Jersey States assembly votes against declaring a 'housing affordability crisis'

Drone shot of residential area in Jersey
The proposition included reducing the cost of social housing rent by 10%. Credit: ITV Channel TV

The Jersey government has rejected a proposition to take action in response to the island's so-called "housing affordability crisis".

The former housing minister, Senator Sam Mézec, asked members to vote to introduce open-ended rents, rent stabilization and lower the cost of social housing by 10%.

He also called on the government to introduce a timetable to act on the plans by the end of next month.

Housing Minister, Deputy Russell Labey, has recently published his plans to tackle the issue of housing, which included building 1,000 new affordable homes by 2025.

The Minister is due to release the Fair Rents Plan by the end of the year which is expected to address social housing eligibility and protection for private tenants.

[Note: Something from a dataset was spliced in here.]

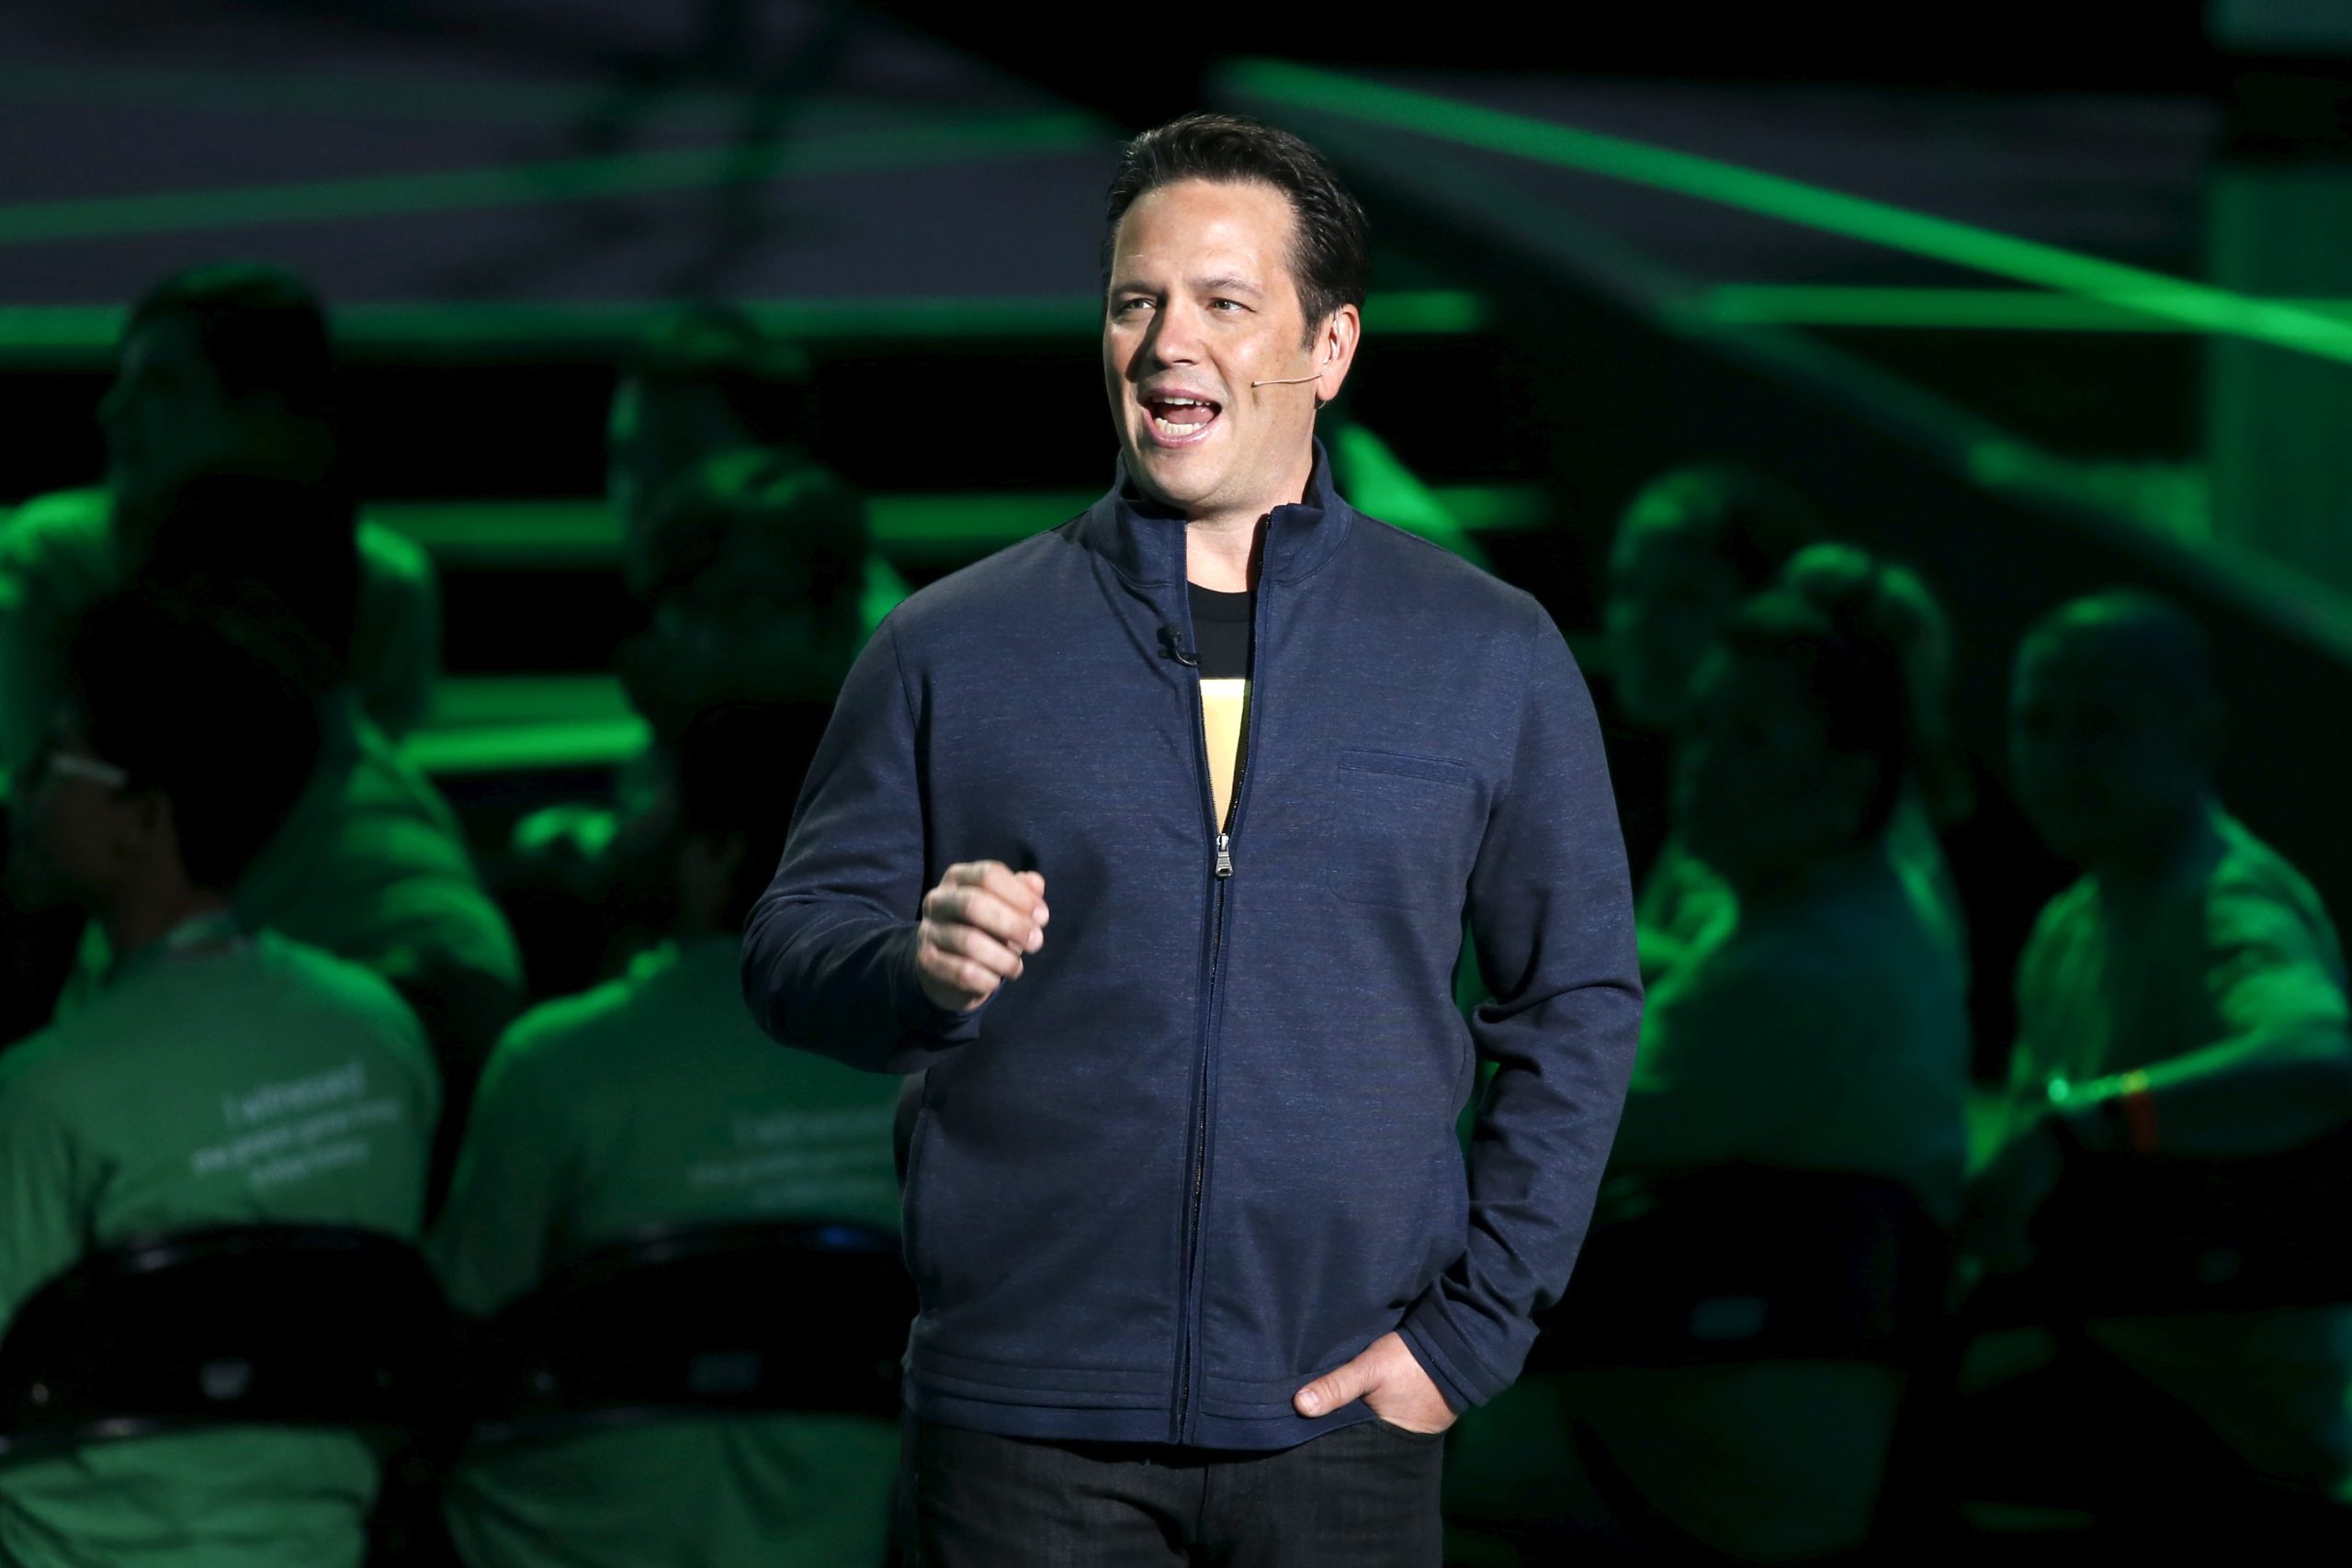 Phil Spencer says Microsoft will continue to ‘support and grow’ Halo amid 343 layoffs

However, his latest report has been branded by Senator Mézec as a "talking plan" which he says fails to act on the Housing Policy Development Board's recommendations.

According to the Jersey House Price Index, compiled by Statistics Jersey, the average house in Jersey was £630,000 last year, up from £430,000 a decade ago.

Meanwhile the average household income has gone down by 11% in the same period.

All five parts of Senator Mézec's proposition were rejected, although his calls to reduce the cost of social housing were only defeated by three votes.

States Members opposed to the proposition raised concerns about the limitations of open-ended tenancies to both landlords and tenants.

Deputy Ash was pulled up for rejecting the term "housing affordability crisis" and asking members to consider the island's situation compared to that of third world countries.

Rent stabilization also faced criticism, including from the Chief Minister, who likened it to "Soviet-style control".

There was strong debate around reducing the cost of social housing rent from up to 90% of market rate to up to 80%.

Concern was raised by some that it would not benefit the poorest tenants, whose rent is already paid by the government, and would put too much strain on the public purse.

Meanwhile earlier in the sitting hearing States members voted to introduce a new licensing scheme for rental properties.